The Four Stages of Prolapse

Not all hemorrhoids “come out.” Doctors grade internal hemorrhoids on a four-point scale based on how far the cushions have displaced.

  • Grade I: The cushions bulge into the anal canal during a bowel movement but don’t exit the body. You might notice bleeding but feel nothing protruding.
  • Grade II: The cushions push out during straining but slide back in on their own once you stop. This is the most common grade, affecting roughly 17% of people with hemorrhoids in large population studies.
  • Grade III: The cushions come out and stay out until you push them back in manually.
  • Grade IV: The cushions are permanently outside the anal canal and can’t be pushed back in at all.

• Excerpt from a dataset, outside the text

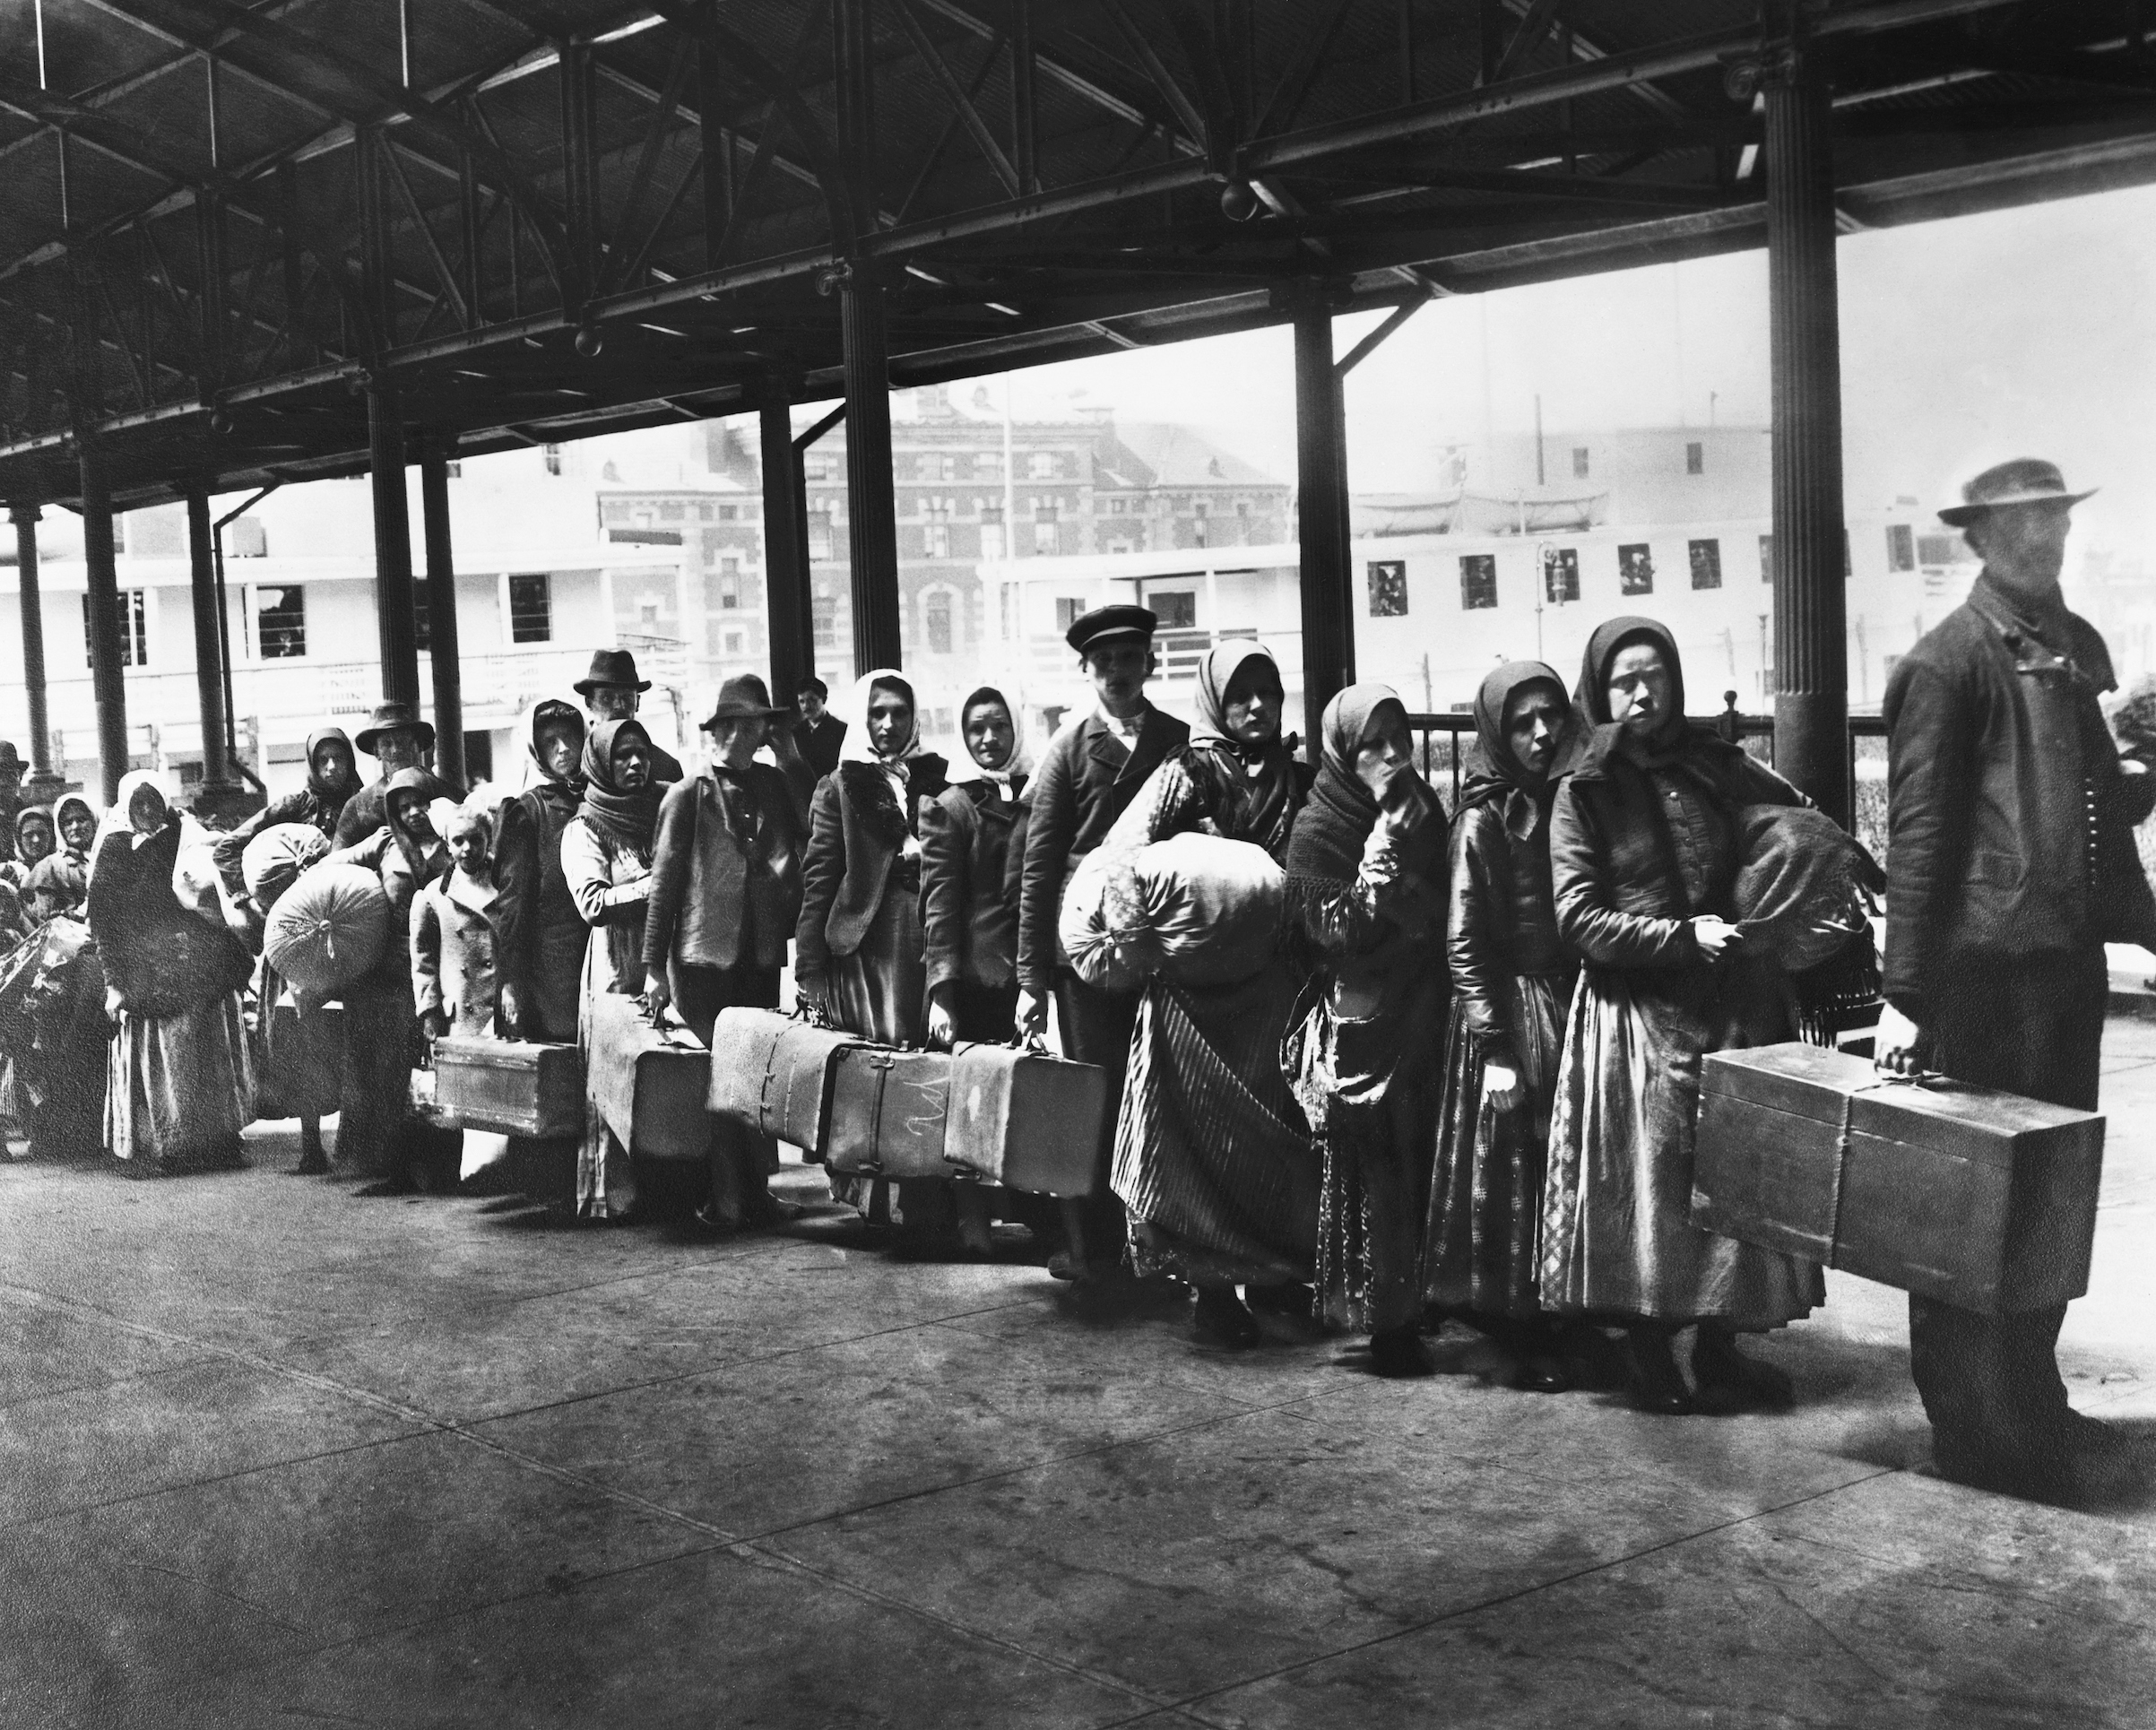 Immigrants on line leaving Ellis Island waiting for ferry to N.Y., ca 1900. (Bettmann / Getty Images)

The progression from one grade to the next isn’t inevitable. Many people stay at grade I or II for years or improve with lifestyle changes. But without addressing the underlying pressure, the support tissue continues to stretch, and the cushions can gradually descend further.

How Common This Is

About one in four adults worldwide has hemorrhoids at any given time, according to a large systematic review. Internal hemorrhoids, the kind that prolapse, are roughly four times more common than external ones. Children are affected at about half the rate of adults, reflecting the role that years of pressure and connective tissue aging play in development.

What Keeps Them From Coming Back

Since the core problem is too much pressure on weakening tissue, prevention targets both sides of that equation. The single most effective change is getting enough fiber. U.S. dietary guidelines recommend 14 grams of fiber per 1,000 calories you eat, which works out to about 28 grams a day on a standard diet. Fiber bulks up stool and softens it, so bowel movements require less straining. Drinking enough water helps fiber do its job.

Beyond diet, the biggest practical change is spending less time on the toilet. If you don’t have an urge to go, don’t sit and wait for one. Put the phone down. Aim to be on and off in under five minutes. When you do go, avoid bearing down hard. Placing your feet on a small stool to raise your knees above your hips straightens the rectal angle and reduces the effort needed.

For hemorrhoids that have already prolapsed, the tissue changes aren’t fully reversible on their own, especially at grades III and IV. But reducing pressure can stop the progression, shrink swelling, and in many grade II cases, allow the cushions to stay in place during bowel movements again. When prolapse is persistent or painful, a range of office and surgical procedures can remove or reposition the tissue, with recovery times ranging from a few days to a few weeks depending on the approach.